Lady Marianne “Ryan” Daventry was not, by nature, a screamer.

Ryan was a suggester. A stater of simple truths. A calm voice of reason when emotions were high and tempers lost. Her middle sister Diana had the flash temper and a very hearty scream. Their youngest sister, Charlotte, with her girlish fear of mice and bugs and branches scraping windowpanes, was also a known screamer. But not Ryan. Ryan, in fact, could only remember ever having screamed once or twice in her entire life.

But she screamed now. She was well and truly terrified, and she screamed the raw and desperate scream of a survivor.

At least she’d come into the forest alone. Her one consolation. Ryan was defenseless, yes, but her maid, Agnes, was safe back at the inn. Agnes had wanted to accompany her and Ryan had refused. Even without the threat of ambush, Agnes was unsuited for forest trespass. The maid was afraid of nice men in polite settings; she would never survive a snarling man with no life behind his eyes.

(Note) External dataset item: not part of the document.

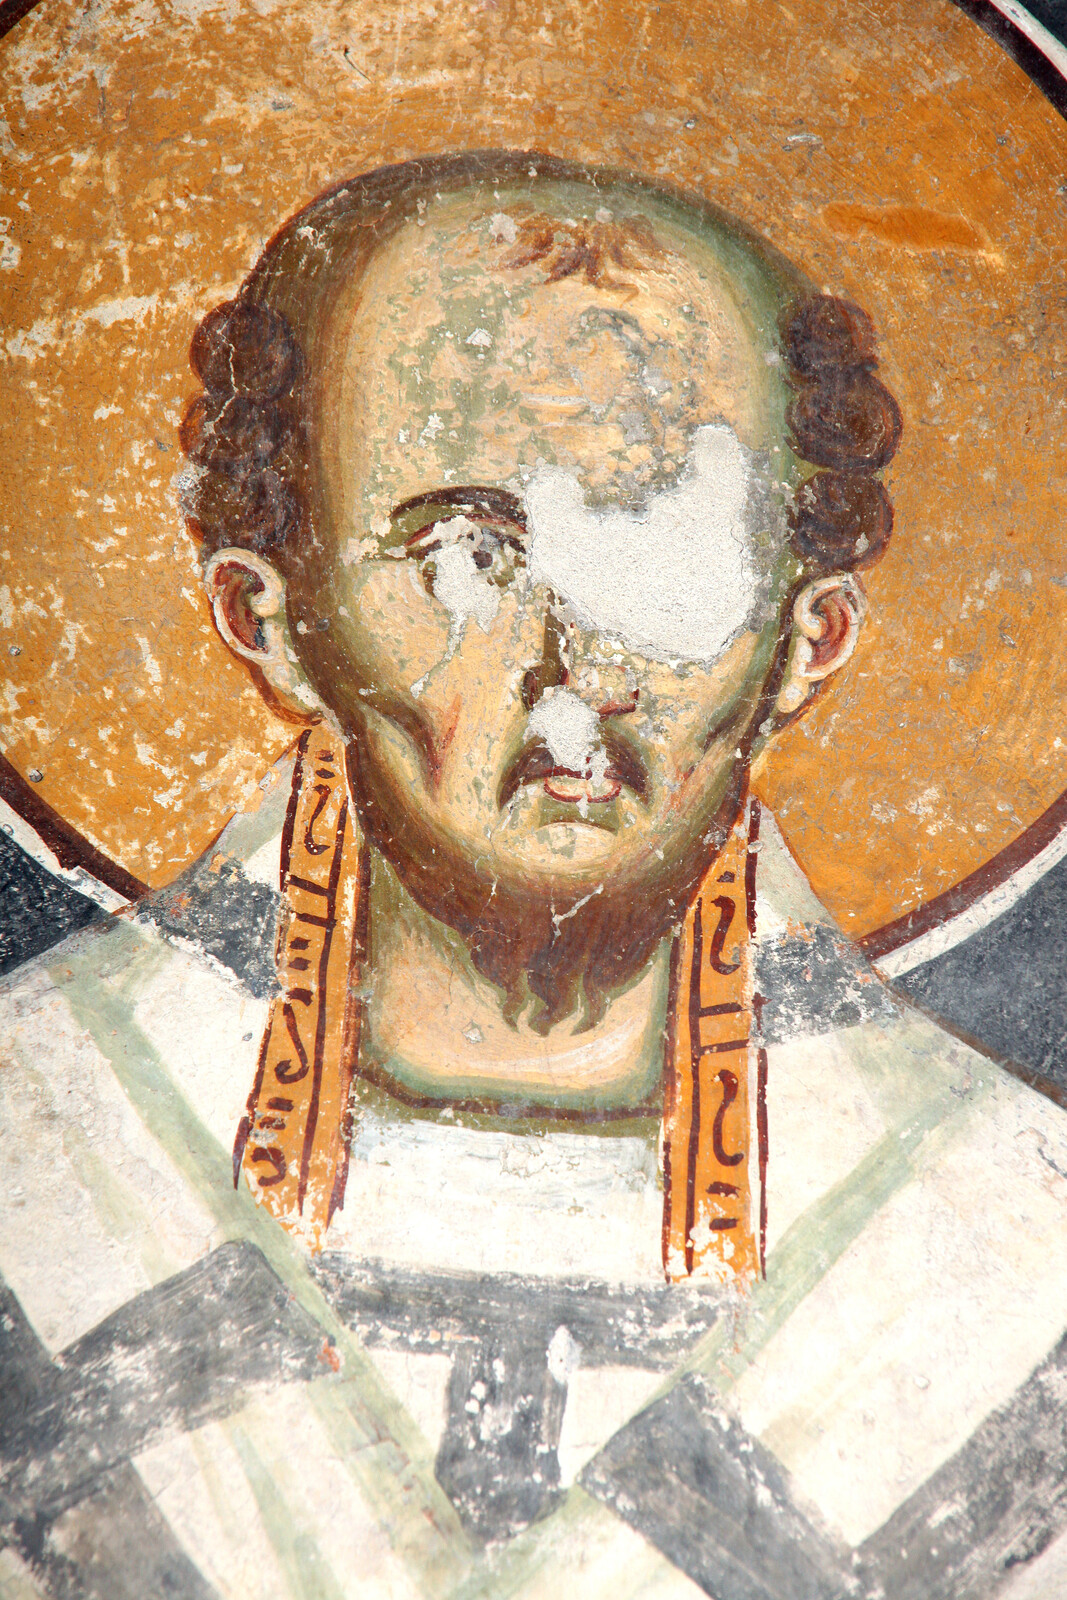 St. John the Chrysostom, detail

“Cry all you like,” hissed the man with his hand clamped to Ryan’s jaw. “There’s no one within fifty miles to hear you scream.” With his other hand, he pinned her against his chest, her body dangling half a foot from the road.

Ryan couldn’t really say how she’d gone from mounted on horseback to the painful grasp of this fetid, sneering man. She’d been plodding carefully through the forest, nudging the frightened mare onward, when she came upon a row of men on horseback just over the crest of a hill. They sat so heavily, their ranks so impenetrable, she’d mistaken them for a line of statues blocking the road. But they weren’t statues: they were highwaymen and the brute who now held her was their leader. He’d emerged from the blockade like a cannon ball rolling into the chamber of a cannon.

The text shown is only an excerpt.